The concerted efforts to legitimize drone strikes in light of rising mission costs installed a tightening bottleneck on counterterrorism strategy and resulted in a staggering rise of strikes and expansion of theaters. “Killing simply became easier”, as Douglas London, counterterrorism strategist for the Middle East Institute, puts it. While President Obama normalized targeted killings, it was President Trump who restructured institutional and operational conditions for drones to ultimately drive US counterterrorism strategy: By scaling down executive accountability for target authorization and transferring responsibilities to the Pentagon and the CIA. And by making generous use of Obama era categories that give commanders more discretion (“areas of active hostilities”) while burying those that demand more restraint (“near certainty” requirement). The “burden of proof as to who could be targeted and for what reason changed dramatically”, according to retired Brig. Gen. Donald Bolduc, former Head of US Special Operations Command Africa.
This ‘bottleneck’ transformation of counterterrorism strategy through UCAVs shows a path dependency across the levels of tactics, operations, and strategic vision. When applying metrics-based definitions of success, drone strikes naturally emerge as a superior tactic– delivering clear-cut results without the risks of a ‘capture-over-kill’ mission design. The observable consequence: Operators streamline missions across theaters with little regard for regional variance, character of the terrorist organization pursued, or an individual target’s actual capacity to harm. American UCAVs clock hours in the context of UN-mandated missions like in Syria or Iraq. They also have been used to carry out assassinations of members of foreign governments and they increasingly kill in countries like Yemen, Somalia, or Niger with which the US technically are not at war.

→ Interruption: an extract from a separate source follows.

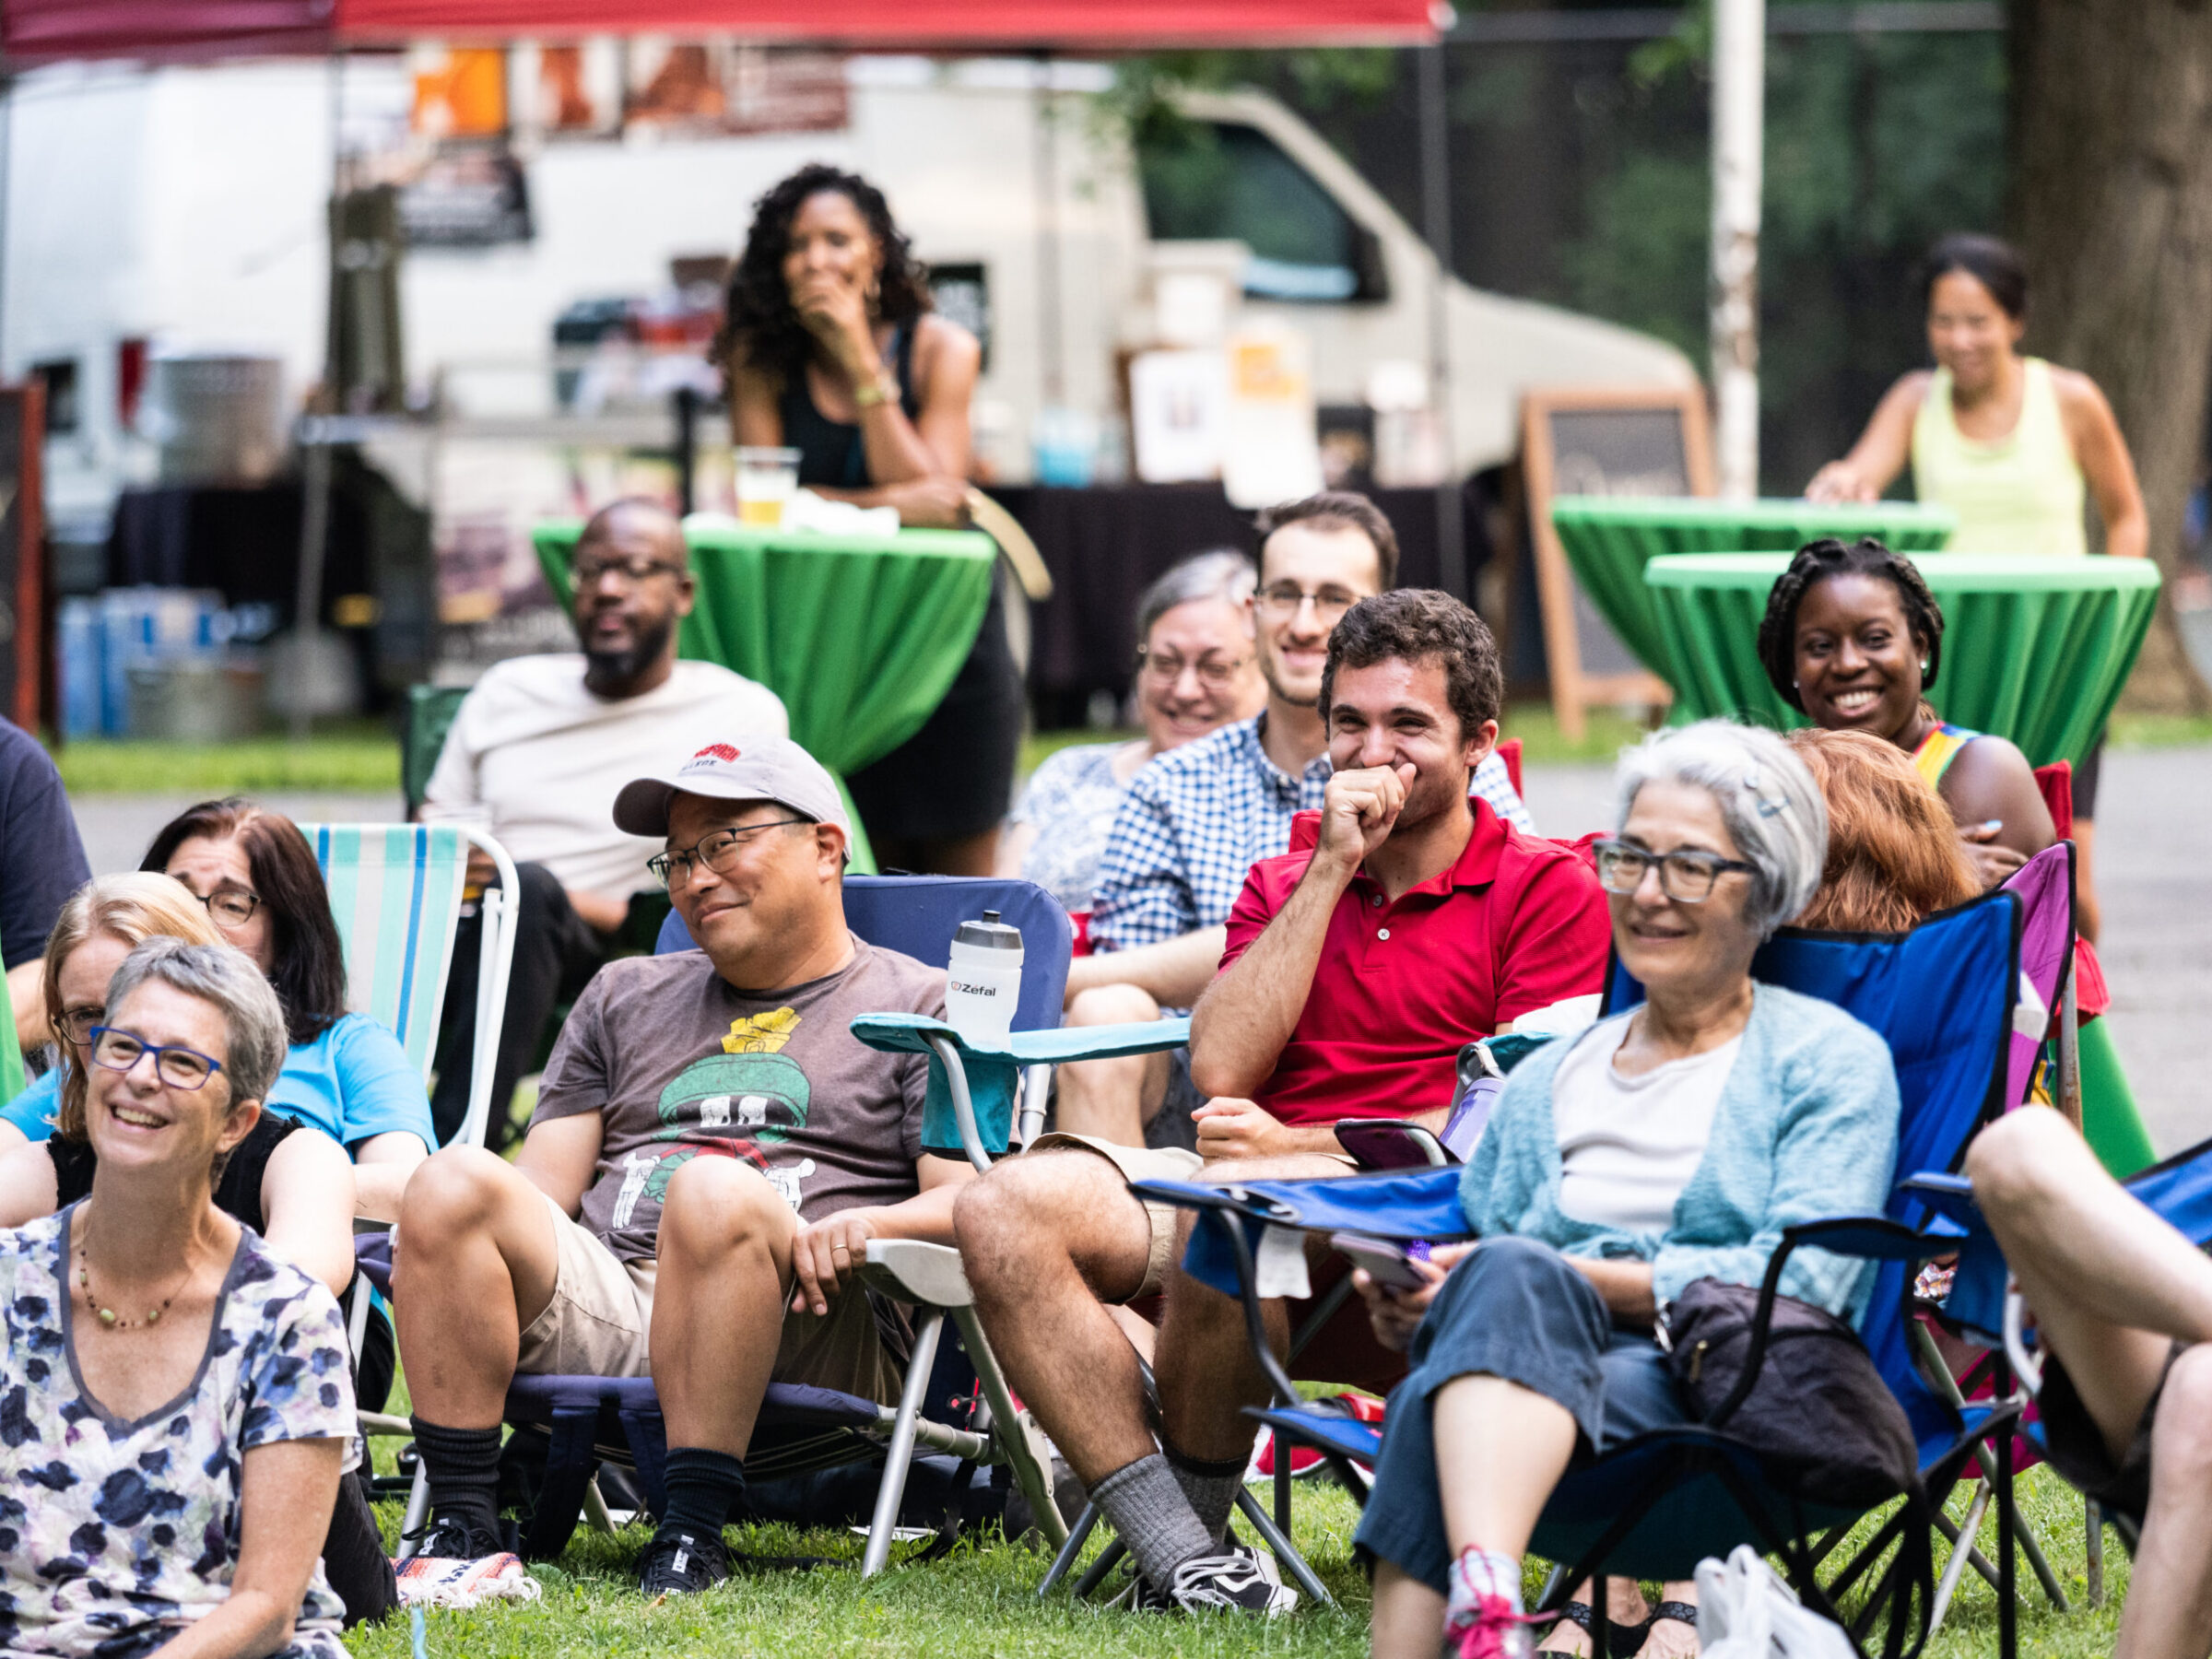 Parks Playhouse Comedy at Long-Branch Arliss Neighborhood park in July 2022

The decision to withdraw all US troops from Afghanistan therefore marks a watershed moment in the prioritization of targeted killings – the reduction of counterterrorism strategy to striking the hydra, quite literally, whenever and wherever a new head of hers grows. In a sense, there is no more ‘real’ strategy least a strategic goal there – but merely one tactic which Bruce Riedel of the Brookings institution likens to a lawn mower: “You’ve got to mow the lawn all the time. The minute you stop mowing, the grass is going to grow back.” Will Joe Biden further pursue this route or critically re-evaluate UCAVs’ benefit for US counterterrorism?
To assess the priorities of the early Biden presidency, it is worth taking a look at recent budgeting decisions. The White House’s 2022 discretionary request for the State Department and programs like USAID is $63.5 billion. In comparison, they requested $715 billion for the Department of Defense (DoD). Technology-specific allocations of funding for 2022 are not yet available. However, the numbers for 2021 give an impression of the staggering tilt toward ‘kinetic solutions’: Roughly $372 million were provided for foreign assistance in Afghanistan, supporting the installation of public institutions, essential health and education services, and strategic partnerships with local security forces. Yet, the DoD’s budget included an estimated $7.5 billion! for the development, evaluation, and procurement of unmanned systems technologies alone. A look at the numbers thus makes it very clear that technology has gained significant prioritization over other elements of counterterrorism.
Given this financial outline and Biden’s active support of a UCAV-driven approach during his time as Obama’s Vice-President, the most likely scenario for future US counterterrorism is the completion of an integrated network of drone bases. The US already maintains such capabilities from afar in the Arab Peninsula, the Levant, and the Horn of Africa. The idea is that also in Afghanistan, “America should do only what can be done from offshore, using intelligence, drones, cruise missiles, air strikes and small, potent Special Forces units”.